As to what 5-bay USB enclosure isn’t trash… I’m not sure I can recommend one, every one I’ve ever used has had problems *when used heavily.

Wasn’t noticing any ram spikes on either JBOD or storage spaces. But faster transfer speeds than expected are a good problem to have I guess. Not that the overall transfer completes faster, explorer just reports spikes in speed.

There has to be something… Currently comparing the Sabrent (DS-SC5B) and the Terramaster D6-320. I’ve used the sabrent 1 and 2 drive enclosures before and they’ve worked well for years, albeit they are different animals.

I know Wendell recently mentioned one he said he was acceptable but I can’t find out where he said that.
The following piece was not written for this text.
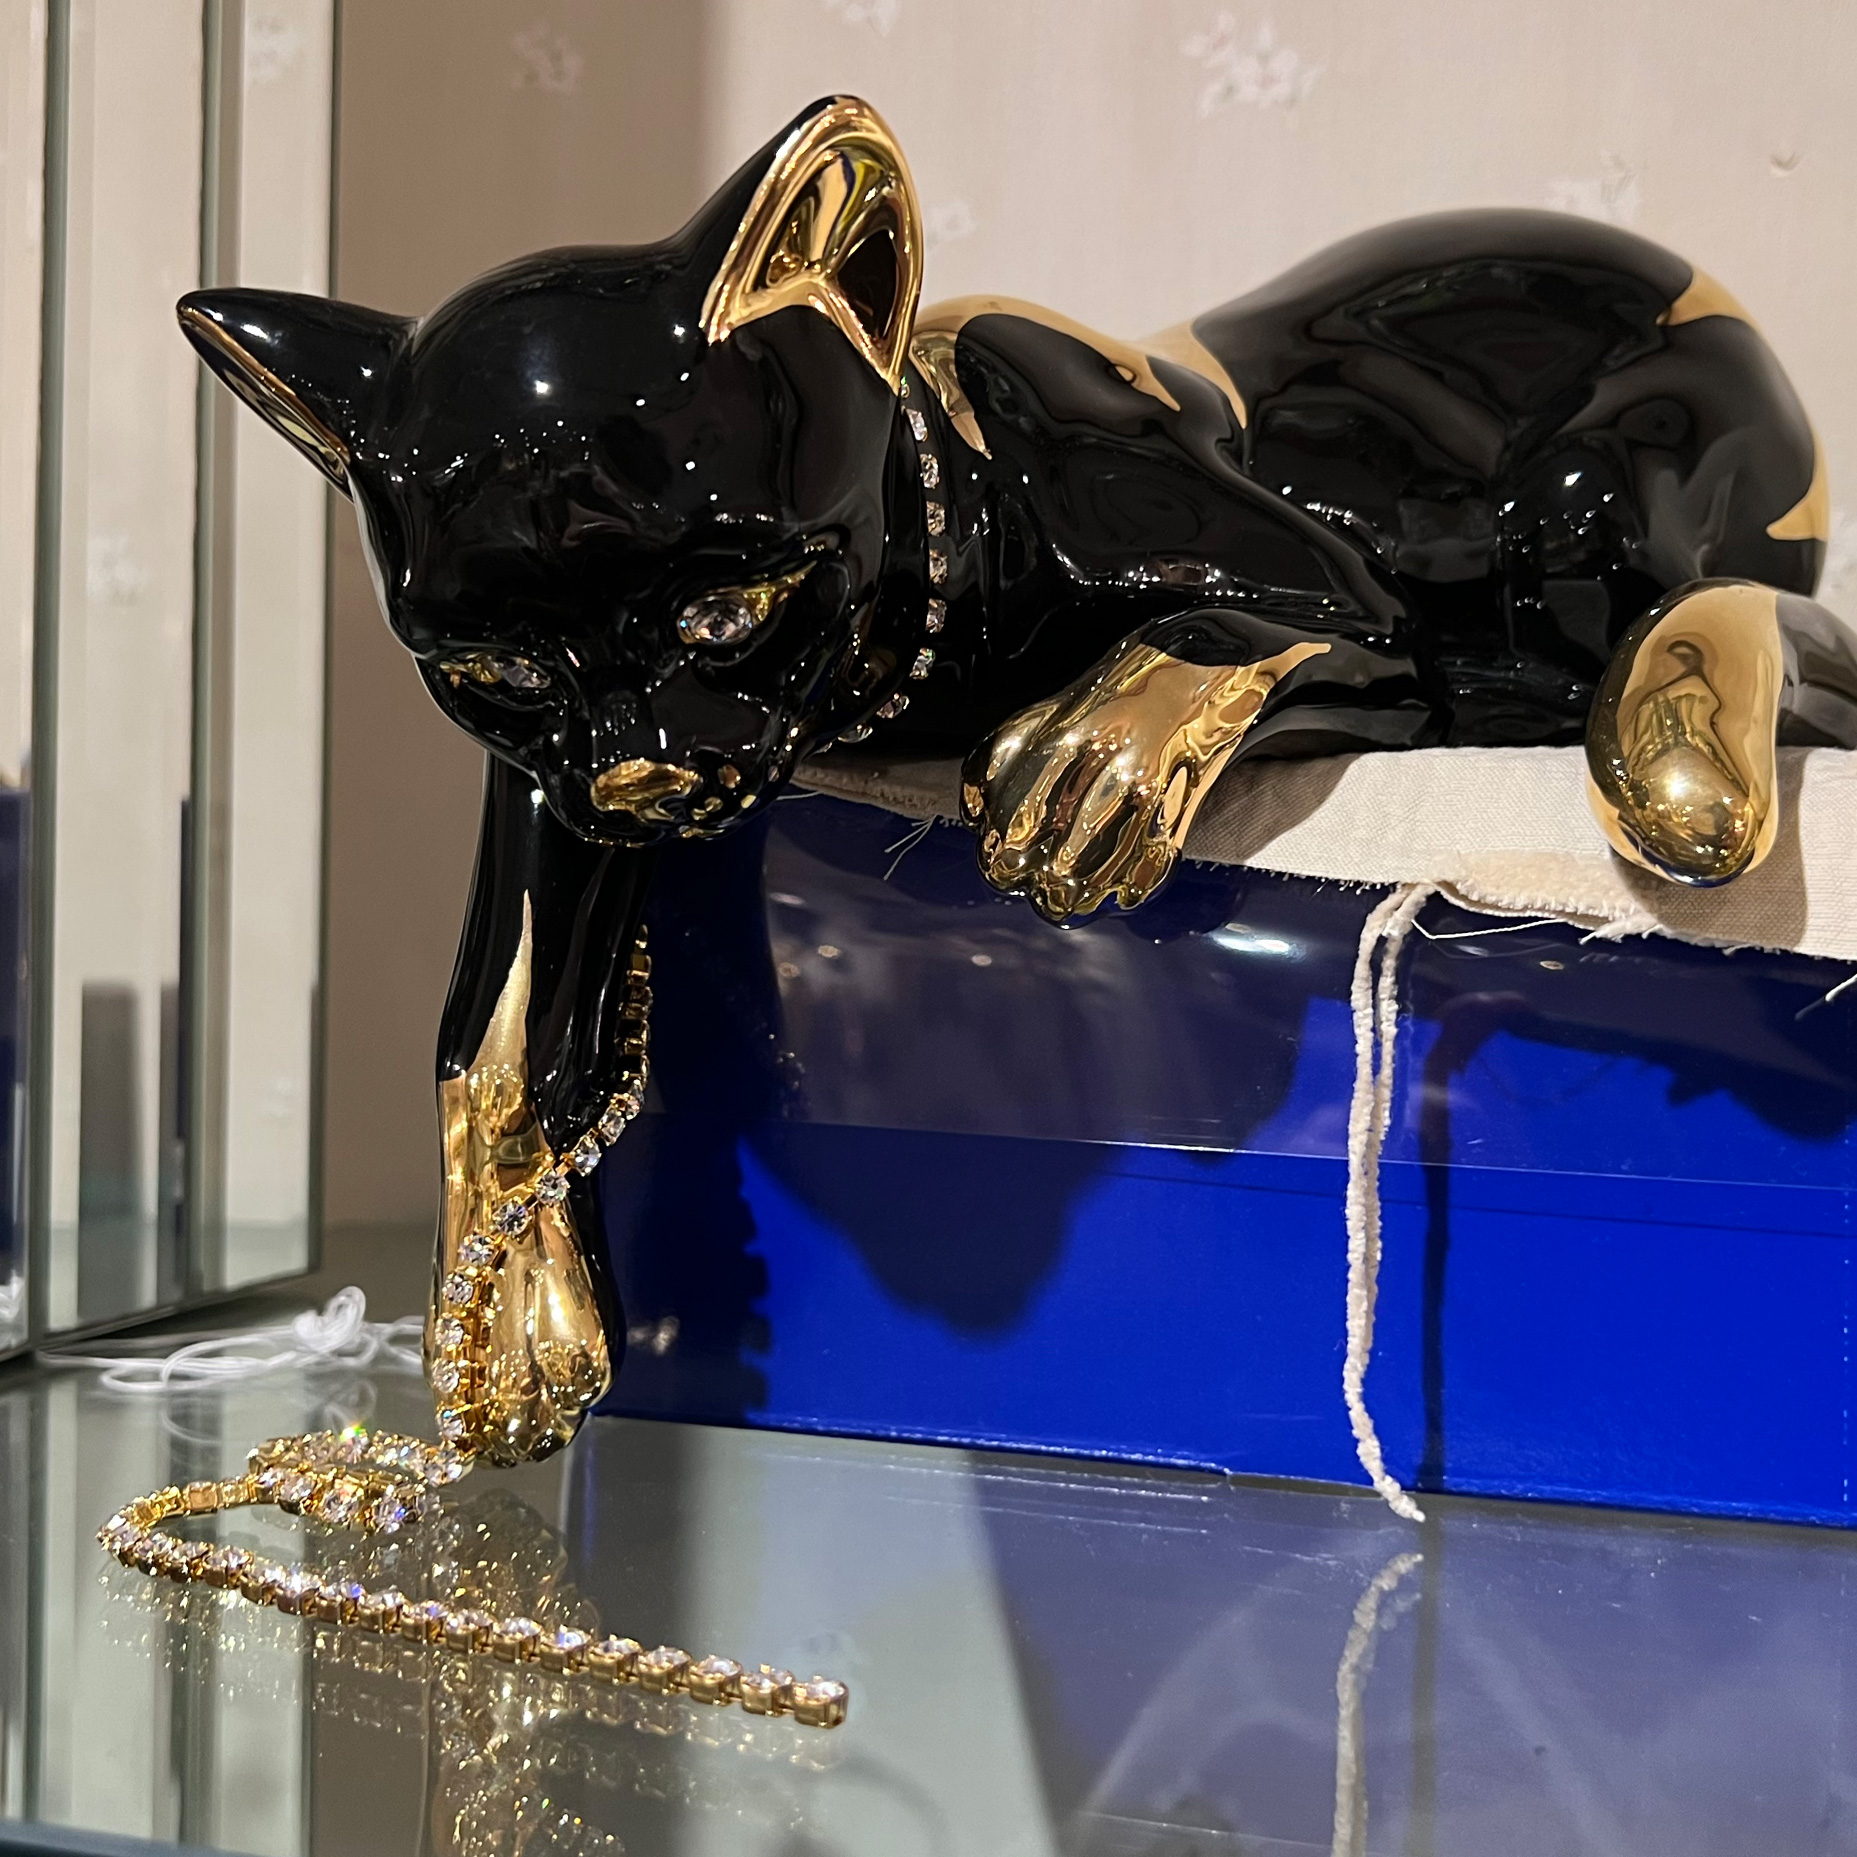 正規品送料無料 猫の置物 ブラック ゴールド 黒猫の置物 ネコのインテリアオブジェ 動物の置物 輸入雑貨 イタリア製 Pe03 Gr

Actually now that I think about it, Areca makes USB/thunderbolt enclosures that are pretty good, but they are super expensive, like >1000USD.

Knowing Wendell I’d expect some 24 bay monster lol.
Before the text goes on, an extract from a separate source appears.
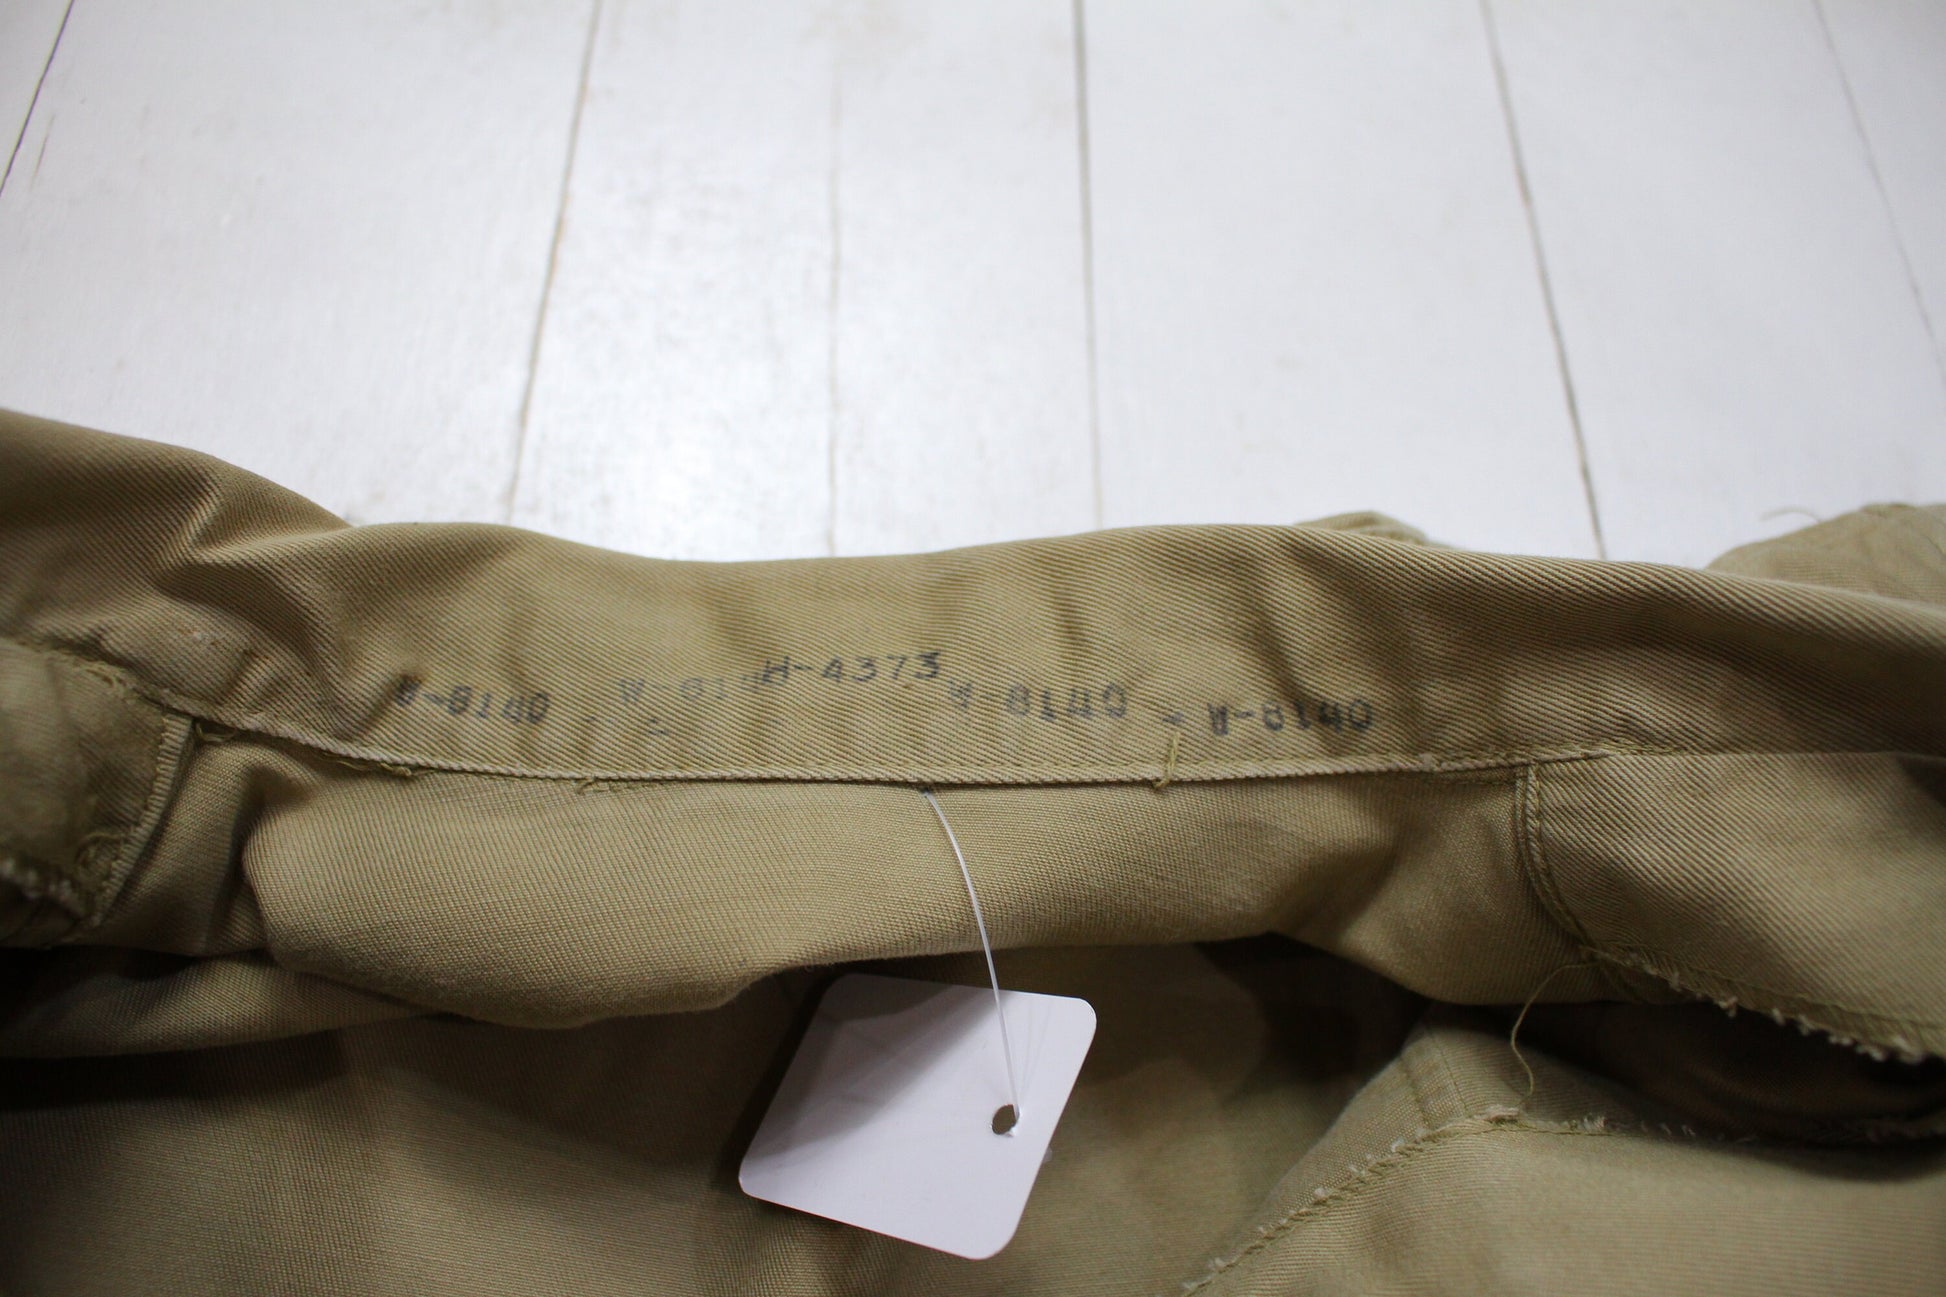 1950s US Military Shortsleeve Twill Khaki Uniform Shirt Size M

Oof yeah that’s a bit out of the price range.

Going back to the original storage spaces talk. I’m pretty sure, unless they’ve really worked on it in the past few years, storage spaces has a really horrible raid5/6 implementation. Pretty much raid 10 is the only real way to deploy storage spaces.
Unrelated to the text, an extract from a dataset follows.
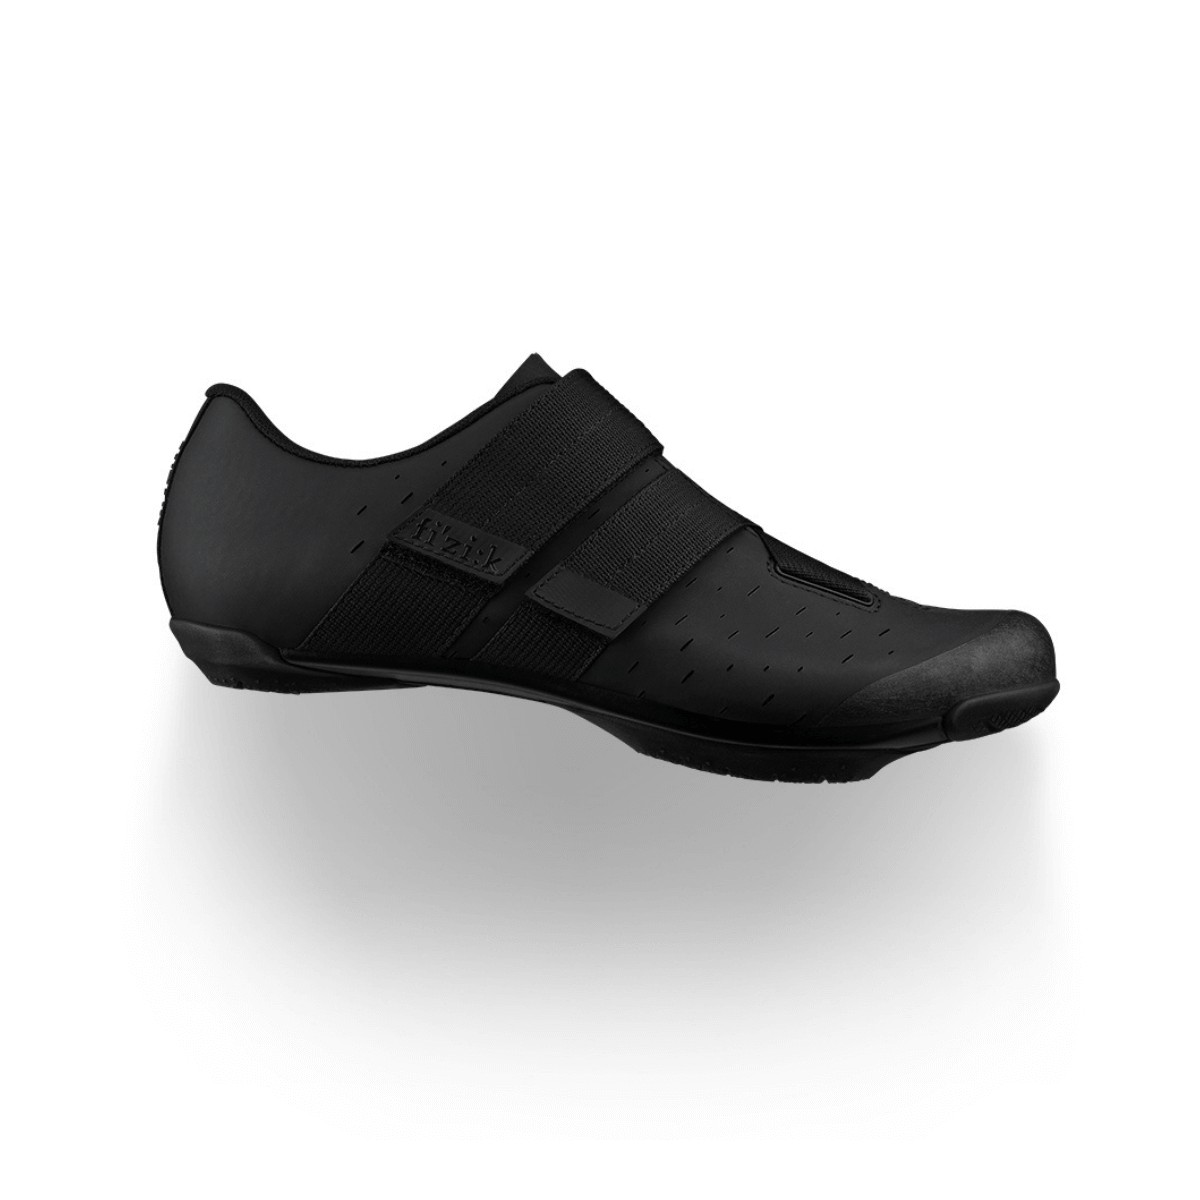 Chaussures Fizik Terra X4 Powerstrap Noir

It’s also even more than that too, storage spaces at least was, maybe not anymore, very picky about the storage controllers being used and there was really only a few approved by Microsoft back in the day. It was so much that when you told Dell you wanted to do storage spaces, they basically just had one option for you to buy. It worked, but you didn’t have options.

When I ran storages spaces I did raid 10 with an SSD caching tier and I had pretty good performance. This was back in server 2012 R2 and 2016 days.

Any suggestions for other software based raid solutions?

I use Unraid, it’s pretty fantastic product. You can do parity based RAID on it.

If you want to stick to Windows I used Drive Bender with snap raid to do a Raid5-like deployment a while ago. Edit: Looks like they finally did end of life Driver Bender. Seems like you can still download it, but wont be able to license it.

The cool thing about Unraid and Drive Bender is they both do file based “raid” solution (it’s kind of not raid but kind of is.) This allows you to pull any drive and mount it on your desktop and read all the files. The benefit is if you had a raid5 deployment and lost two drives, you can still recover any files on the remaining drives.

In Microsoft-Land, ReFS can work, if you have the right OS-license.

For my slightly-janky NAS-setup, I have been running BTRFS with 2 drives local and 4 drives in a USB-enclosure.

My understanding of unraid/ zfs is that you’d need to run it on a separate machine. I don’t have a spare nas pc to run unraid as the os, hence the need for an enclosure.

With refs, isn’t that just a format you’d use instead of ntfs on a storage space? And doesn’t it require win 10/11 enterprise?

Isn’t btrfs a linux filesystem?

ehhh. Performance for Storage Spaces has been notoriously bad for years. ReFS never became the default filesystem for a good reason. ZFS or even btrfs would be better choices, but parity RAID in btrfs is laughable. If you look at btrfs literally don’t use it’s volume manager.

Microsoft/ Storage Spaces Direct kinda tries to fix some of that Deploy Storage Spaces Direct on Windows Server | Microsoft Learn

But at the end of the day Ceph is better at that role.

If you’re living in Windows land, you’re better off with an old LSI HW RAID card and not using storage spaces.

Doesn’t a raid controller card require the drives to be mounted internally? I don’t have the necessary 3.5" bays internally.

ReFS is readable by all Win10 and since recently Win11 versions. Creation of ReFS-pools requires M$ Server, Win10 Enterprise or Educational (I think).

Licensing ideas by Microsoft are a special kind of joke.

With BTRFS, you need to do your research into what configurations will not blow up in your face before putting all your eggs into one basket (which you shouldn’t do anyway).